Pre-Op Day 1

Sep 25, 2016

For the past few weeks I was really looking forward to getting to the Pre-Op stage.  I kept thinking about how great it was going to eventually feel.  Turns out, you don't feel great as instantaneously as I thought.  Pysically, I'm tired and my muscles are sore and I don't know if it has to do with how I'm eating or with the really crappy sleep I had last night.

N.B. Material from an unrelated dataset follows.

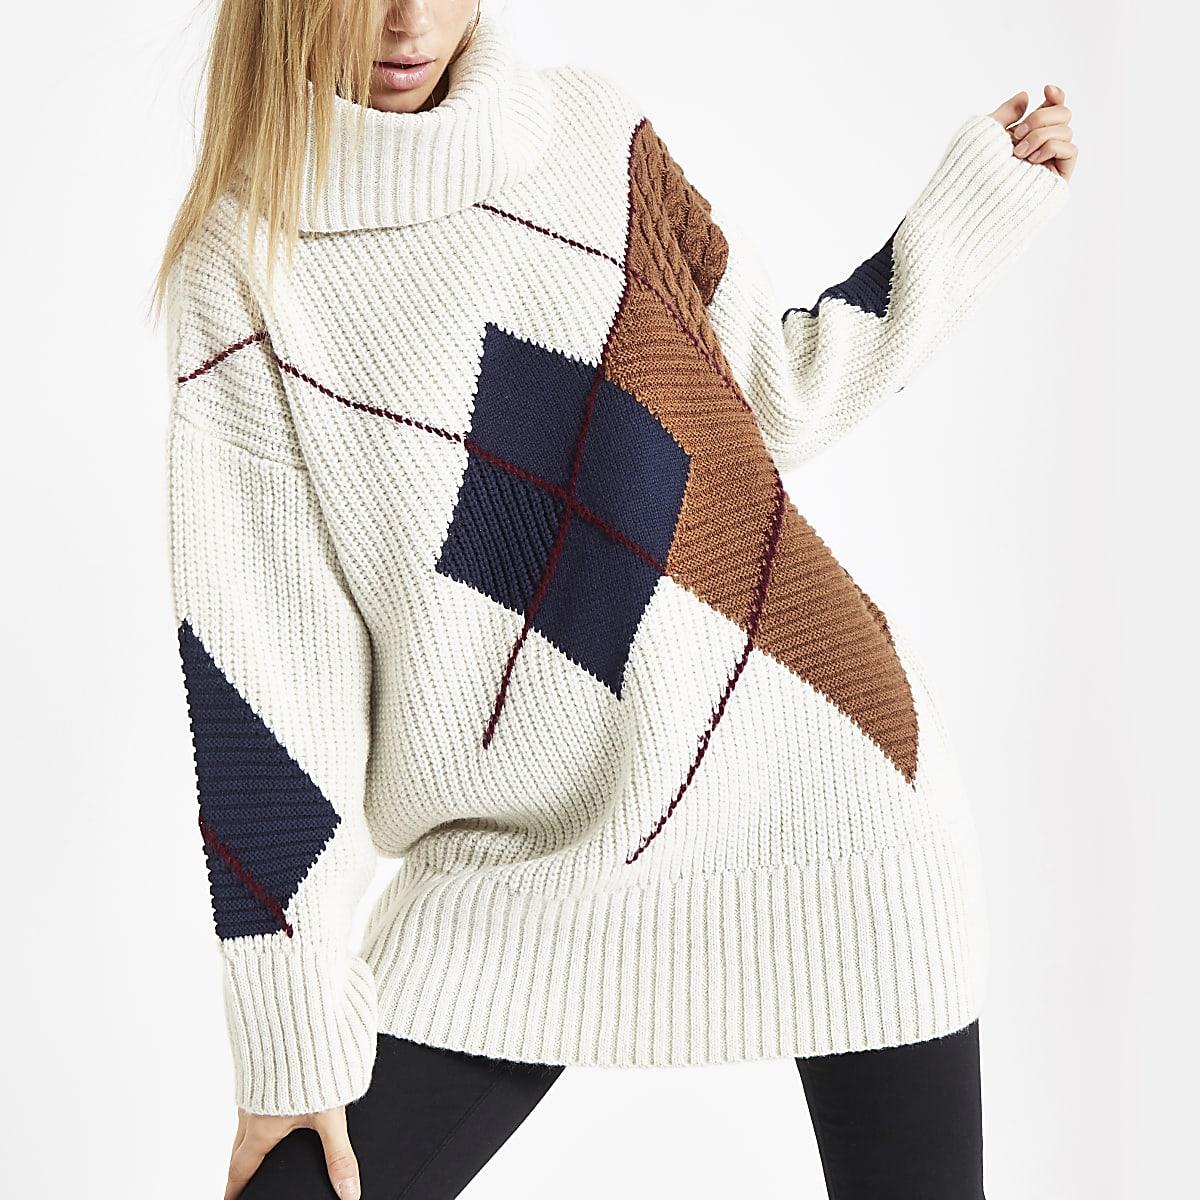 Cream argyle roll neck knit sweater

Emotionally, I'm ok, but I can tell I miss my comforts.  Yesterday I was out driving, constantly surrounded by fast food joints and all sorts of temptations and I was fine and I felt in control.  Today I was doing the exact same thing but had to often stop and remind myself that I couldn't just pull up at any drive thru.  The difference between the two days was one simple thing - choice.  Yesterday I had a choice, today I did not.  I've started denying myself.  The brain can be a strange thing.... always playing tricks, but I must beat it. 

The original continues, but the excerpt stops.